The Twitter Translation Center (TTC) is a crowdsourced effort for translations. This means that while we were a couple of guys moderating translations and having final say, most of the translating was done by regular Twitter users. Our job was usually to take the translation with the most votes, and select it as the final one (if it was good, but they usually were).
After a while, Twitter introduced the use of a JIRA tracker to keep track of new phrases that were imported and needed to be translated. That was good, because most (90%+) of the system was already translated, so keeping track of new additions was a welcome change. Later however, more and more strings were exclusive to moderators only (due to secrecy and releases and whatnot), and more and more strings became “ultra-priority” which were also only available to moderators, and also very much ASAP tasks. This is where I believe it stopped being fun for me.
I believe that for a system like this, having hard deadlines is totally out of the picture, as long as you don’t pay someone for their job (Twitter did send me some t-shirts etc, but that doesn’t really count). The whole point of having a crowdsourced translation is that it is a collective process that grows in a more or less organic manner. To be frank, too many and too sharp deadlines spoils the fun of it. I have enough deadlines in my job as a software engineer, if I wanted to feel the same in my spare time, I’d rather just work longer hours. I think, that part of the point with working with crowdsourcing is that things have to take time. It should be slow, and I really mean slow.

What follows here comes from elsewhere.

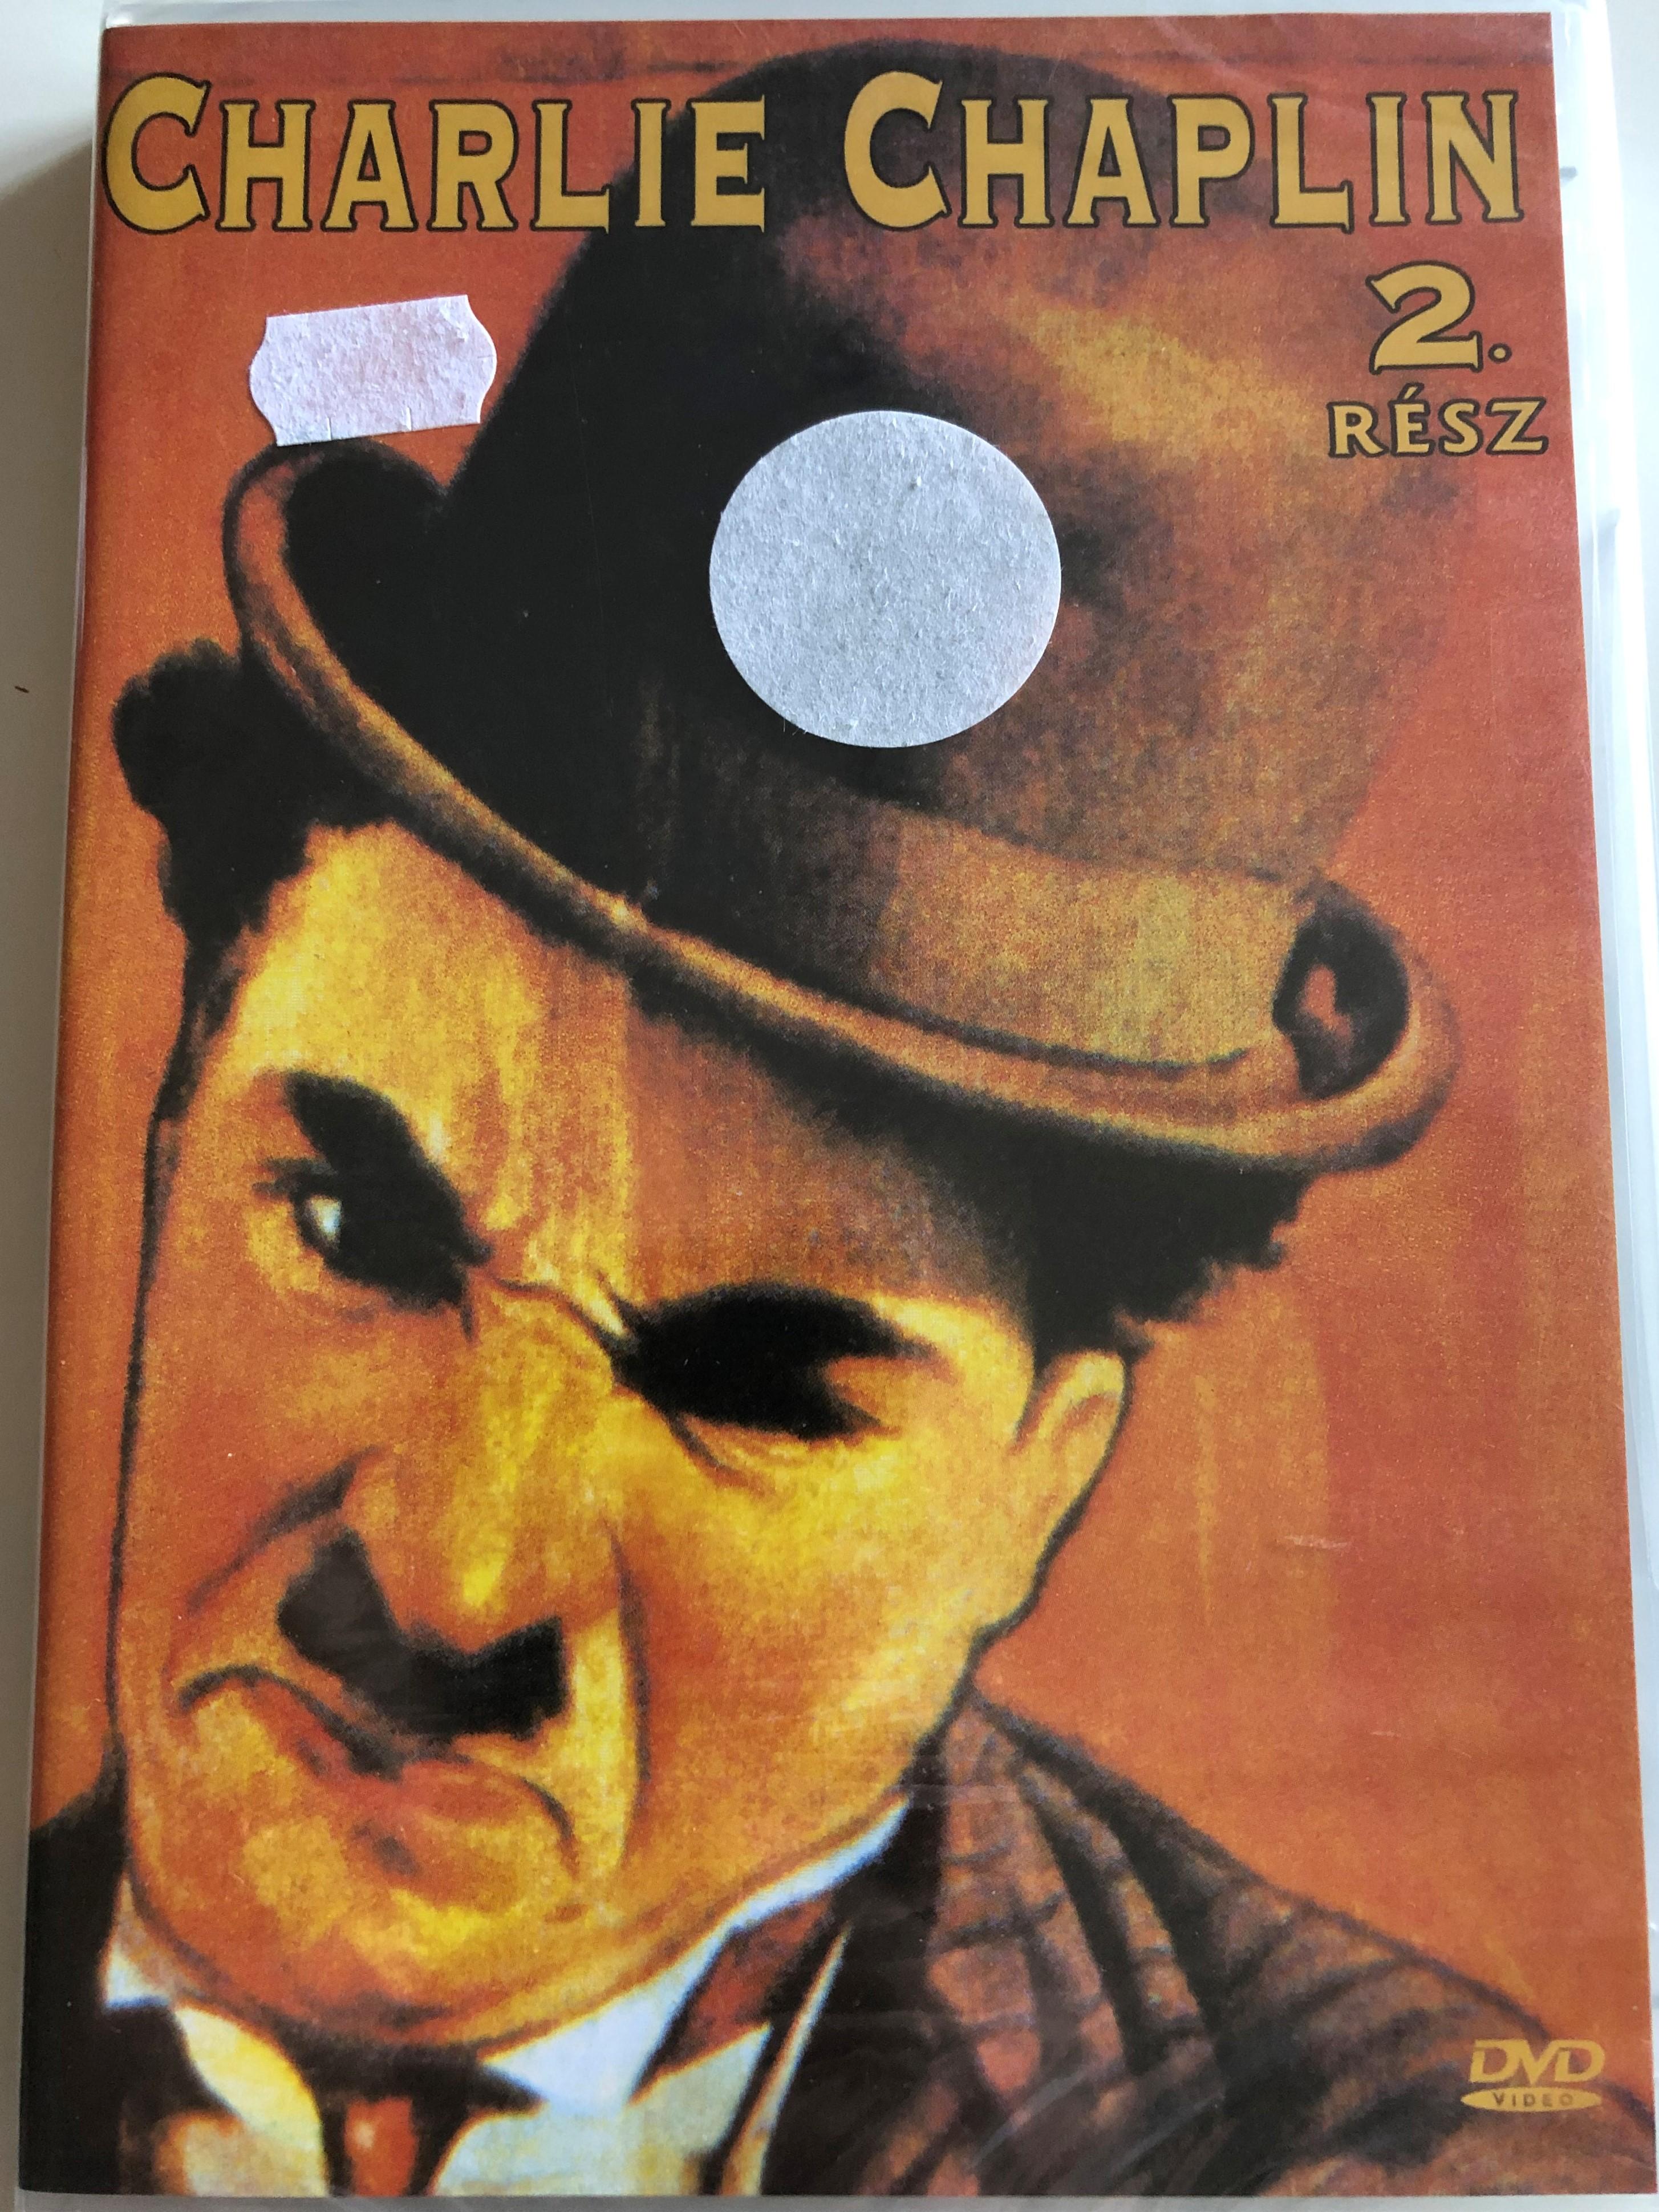 charlie-chaplin-2-r-sz.-dvd-2005-charlie-chaplin-part-2.-1.jpg

It might seem ironic that I don’t think there should be any pressure on volunteers in this case, having worked for a long time in the students’ union and all, but let me be clear: that is a completely different thing. Within the students’ union, or any other association, every member is equal, and have a say when it comes to the goals and activities of that association. Twitter on the other hand, is a company, meaning that their main goal is to create profit for their owners, and volunteering as a translator does not give you a say about anything, apart from the translations you’re approving or rejecting. That is the fundamental difference, and that is why I think one can expect more from someone who volunteers for an association than someone who works for free, just for the fun of it, for Twitter.
So goodbye TTC, it really have been a pleasure, but in the end it just did not work out.